Hexing Hitler - Witches and Occultists versus Kings and Nazis

Original Magic: The Rituals and Initiations of the Persian Magi - Michael M. Hughes 2018

Hexing Hitler
Witches and Occultists versus Kings and Nazis

In 1941, Richard W. Tupper, a young American worker at a naval factory, sent a letter to author and occultist William Seabrook, author of Witchcraft: Its Power in the World Today, inquiring about how to hex Hitler. “Some mumbo jumbo and doll magic might help pass the longer winter evenings,” Tupper wrote. “And the movement might grow to tremendous proportions and end up successfully, if Hitler learns that thousands of people are hexing him.” 19

The delighted Seabrook sent complete instructions on how to christen a doll as Hitler, sing “vicious, repetitive, singsong doggerel” incantations, and stick it with needles, nails, and pins.20 He also suggested copious consumption of alcohol (Seabrook was a notorious alcoholic).

Seabrook explained that it didn’t matter if people took it seriously. The key was to have as many people perform the ritual, and to make Hitler aware that they were doing it.

Tupper began holding weekly hexing sessions, gathering with twenty of his friends after dinner and cursing Hitler until midnight. The girls, he said, made the best witches.

The group, which included Birdseye frozen food heiress Florence Birdseye and a number of government employees, sent an invitation for Seabrook to join them at a Maryland cabin. Seabrook was never one to turn down a good party, so on a wet January evening he joined the group at a cabin in the woods to perform the curse. A LIFE magazine reporter and photographer came along to document the evening and to make sure Hitler found out about it.
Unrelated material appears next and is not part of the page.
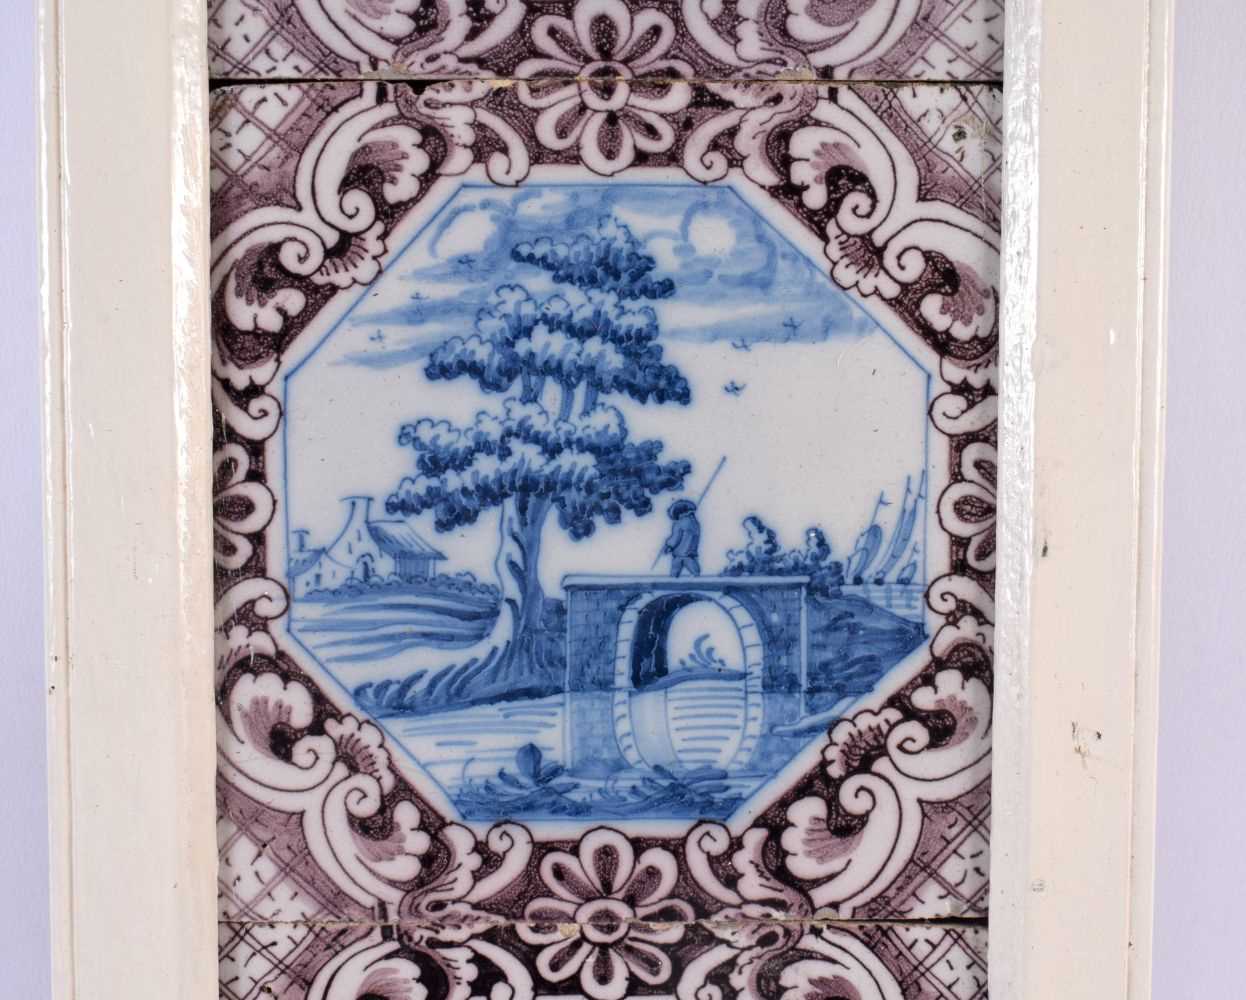 A SET OF THREE 18TH CENTURY DUTCH DELFT MANGANESE BLUE AND WHITE TILES. 42 cm x 15 cm. - Image 3 of 5

Inside the cabin the scene was surreal. A dressmaker’s dummy was clothed in a Nazi uniform, its face painted with a Hitler mustache. Nearby were log seats (a nod to Haitian customs), boxes of nails, axes, rattles, and many bottles of Jamaican rum. Tom-tom drums had been borrowed from the Department of the Interior. Several of the participants dressed up in robes as the rum was passed around for an hour before the ritual began.

Finally, the dressing dummy was baptized. “You are Hitler; Hitler is you!” the group chanted. Then “Chief Hexer” Ted Caldwell, dressed in an animal-skin, intoned the ritual Seabrook had written: “The woes that come to you, let them come to him. The death that comes to you, let it come to him!” 21

The other participants then took turns hammering spikes into Hitler’s heart. The Chief Hexer then led the group in a call-and-response chant: “Hitler, you are the enemy of man and the world .… We curse you by every tear and drop of blood you have caused to flow. We curse you with the curses of all who have cursed you.” The crowd responded: “We curse you!” 22

At the ritual’s climax, the Great Death Ouanga (Haitian Creole word for a charm), the participants invoked the dark god Istan, asking him to send cats to claw out Hitler’s heart and dogs to eat it. With each repetition of the curse, they drove more nails and needles into Hitler.

Finally, Hitler was decapitated by Tupper (his honor as the party organizer) and buried by the drunk, exhausted hexers in the woods. LIFE captured the entire party and published photos and a cheeky account on February 10, 1941. Seabrook had asked the reporter to publish the detailed ritual description and photos so that readers could hold their own Hitler hexing parties at home. They didn’t need a life-sized dummy, he explained. Any small, inexpensive doll would work.

The United States joined the war less than a year later, and Hitler wasn’t dead until 1945. The Hex Hitler party was largely forgotten. I didn’t even know about it when I created the Trump binding spell in 2017, and I was shocked at the parallels when I discovered it in my research.

William Seabrook committed suicide in 1945 (as did Hitler), but I have to think somewhere he is enjoying the rise of resistance magic over seventy-five years after his unforgettable party in the Maryland woods.